The interior of the University of Le Havre library

The Vauban Basin and the ISEL building (right)

In 2011 there were approximately 12,000 students in all disciplines in Le Havre. Opened in 1986, the University of Le Havre is recent, medium-sized and well located: the largest campus is virtually in the centre of the city near railway and tram stations. The campus includes a University Library (2006), a gym, several dining halls with student housing, a structure incorporating a theatre, an orientation service, and student associations. In 2010–2011, 6,914 students were enrolled including 5,071 undergraduates, 1,651 Masters students, and 192 postgraduate students. The university also trains 317 engineering students including the Logistical Studies Higher Education Institute (ISEL). It offers 120 Diplomas of State prepared by the Faculty of Science and Technology, Faculty of International Affairs, and the Faculty of Arts and Humanities. Many courses are offered are related to the port operations, logistics, industry, and sustainable development. Twelve languages are taught and 17% of students are foreigners. The University of Le Havre is also a research centre with nine laboratories. It works in partnership with other higher education institutions (INSA Rouen, IEP, IUFM, and Normandy University). The University Institutes of Technology of Le Havre occupies two main sites: one in the upper town in the Caucriauville-Rouelles district which was opened in 1967 and another in the Eure district since 2011. The IUT has a total of 1,881 students divided into ten departments preparing for the DUT. There is also a branch of the teacher training institute of Rouen (IUFM) for two courses (CAPET of technology and CRPE school teacher).

In addition there is a large number of specialized higher education institutions covering a wide range of different areas. Founded in 1871, the École Supérieure de Commerce du Havre, one of the oldest in France, has merged with Sup Europe and l'IPER to create the Normandy Business School in 2006. This school had over 2,800 students on its five campuses (Le Havre, Caen, Deauville, Oxford and Paris) in 2015. Since the 2007 school year, the Institute of Political Studies of Paris (Sciences Po) opened a campus focused on studies of Europe and Asia in Le Havre. The National School of The Merchant Marine trains Officers of the First Class for the Merchant Marine: currently located at Sainte-Adresse, it will move to the Bassin Vauban in 2015 in a building that will house 1,000 students. The National Higher School of Petrol and Motors (ENSPM) is a school for specialist petroleum engineers, petrochemists, and engine makers. The ITIP (National Institute for International Transportation and Ports) prepares students for careers in the multimodal transport and port business. The (Institut national des sciences appliquées|National Institute of Applied Sciences of Rouen) (INSA) opened a branch in Le Havre in 2008 with a civil engineering and sustainable construction department. The SPI (Axis of Science for the Engineer) is expected to reopen in 2012 in a new building in the Eure district.

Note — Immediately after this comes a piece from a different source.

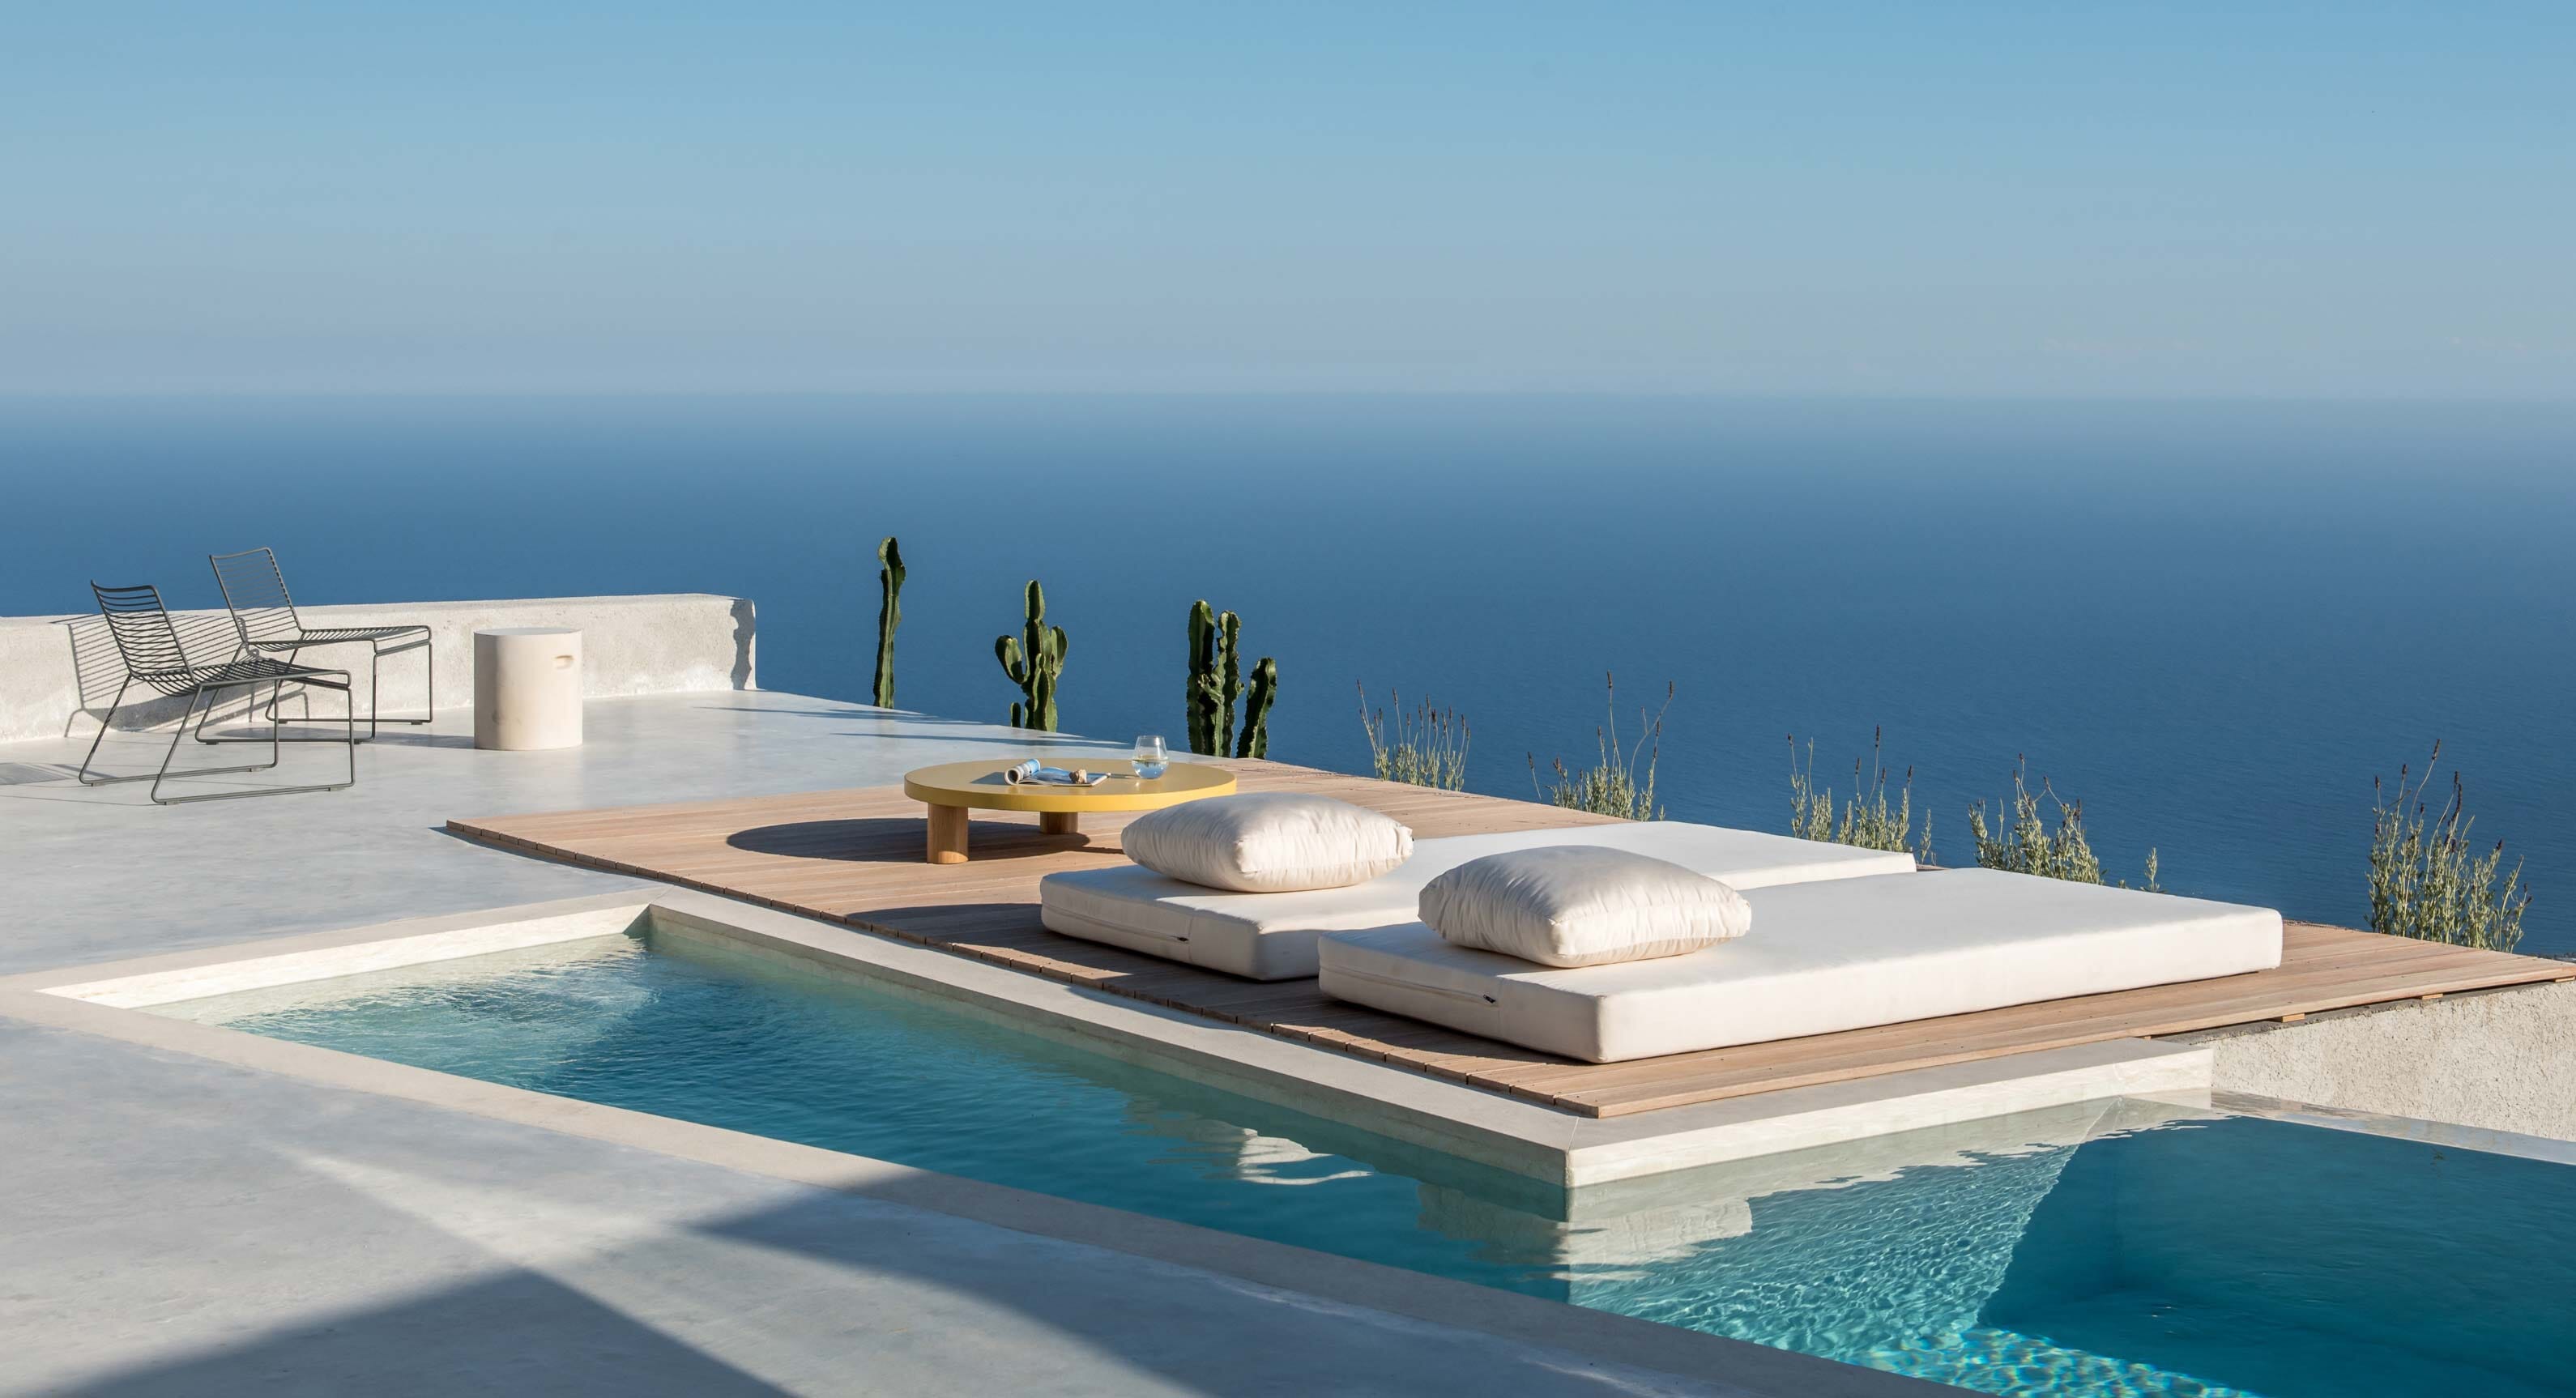 Nestled in Santorini’s Mountainside: The Holiday Home of Dreams

In the arts, the Conservatory of Departmental Radiance Arthur Honegger is attended by 1,680 students (music, dance and drama). The Graduate School of Art of Le Havre (ESAH) offers several degrees and preparation for competition. Finally 800 people study in paramedical and social schools mostly in the IFSI (Institute of Training in Nursing) which has approximately 600 students.

==Sports==

Port Vauban

The city of Le Havre has some of the oldest sports clubs in France: the Le Havre Rowing Society (1838), the Regatta Society of Le Havre (1838), and Le Havre Athletic Club (1872), doyen of French football and rugby clubs.

The city also hosted the sailing events for the 1900 and 1924 Summer Olympics, respectively.

Le Havre is dominated by three professional sports teams: the first is the Le Havre AC football team who were relegated from Ligue 1 after the 2008–2009 season but gained promotion back to Ligue 1 in 2023. Its training centre is well-reputed for having trained a number of international French players, including Vikash Dhorasoo, Julien Faubert, Jean-Alain Boumsong, Lassana Diarra, and Steve Mandanda. The second major sports team is Saint Thomas Basketball who represent the city in LNB Pro A. Thirdly the HAC women's team who play in the first division with many international players in its ranks. The team won their first major national title, the Coupe de France for women's handball in 2006. Le Havre Rugby athletic club plays in Fédérale 3 (equivalent to fifth division). The Hockey Club of Le Havre played at the fourth level nationally (Division 3) for the 2008–2009 season. The team is nicknamed the "Dock's du Havre".

The maritime side of the city is found in many sports: for example, the tradition of sailing is old. On 29 July 1840 the first French pleasure boat regatta was held. Today, Le Havre is known as a water sports and Seaside resort. The marina can host deepwater vessels around the clock in any weather. Built in the Interwar period, it is now the largest in Seine-Maritime with about 1,300 moorings additional moorings were installed in the Vauban basin in 2011–2012. The Havraise Rowing Society has trained many rowers to a high level as Thierry Renault. The Club Nautique Le Havrais (CNH) is the centre of mixed swimming, synchronized swimming, and men's water polo. The Centre Nautique Paul Vatine is the fifth largest club in the country for the number of sports licenses it holds; it ranks second in the Division 1 of the Championship France for Catamaran Clubs.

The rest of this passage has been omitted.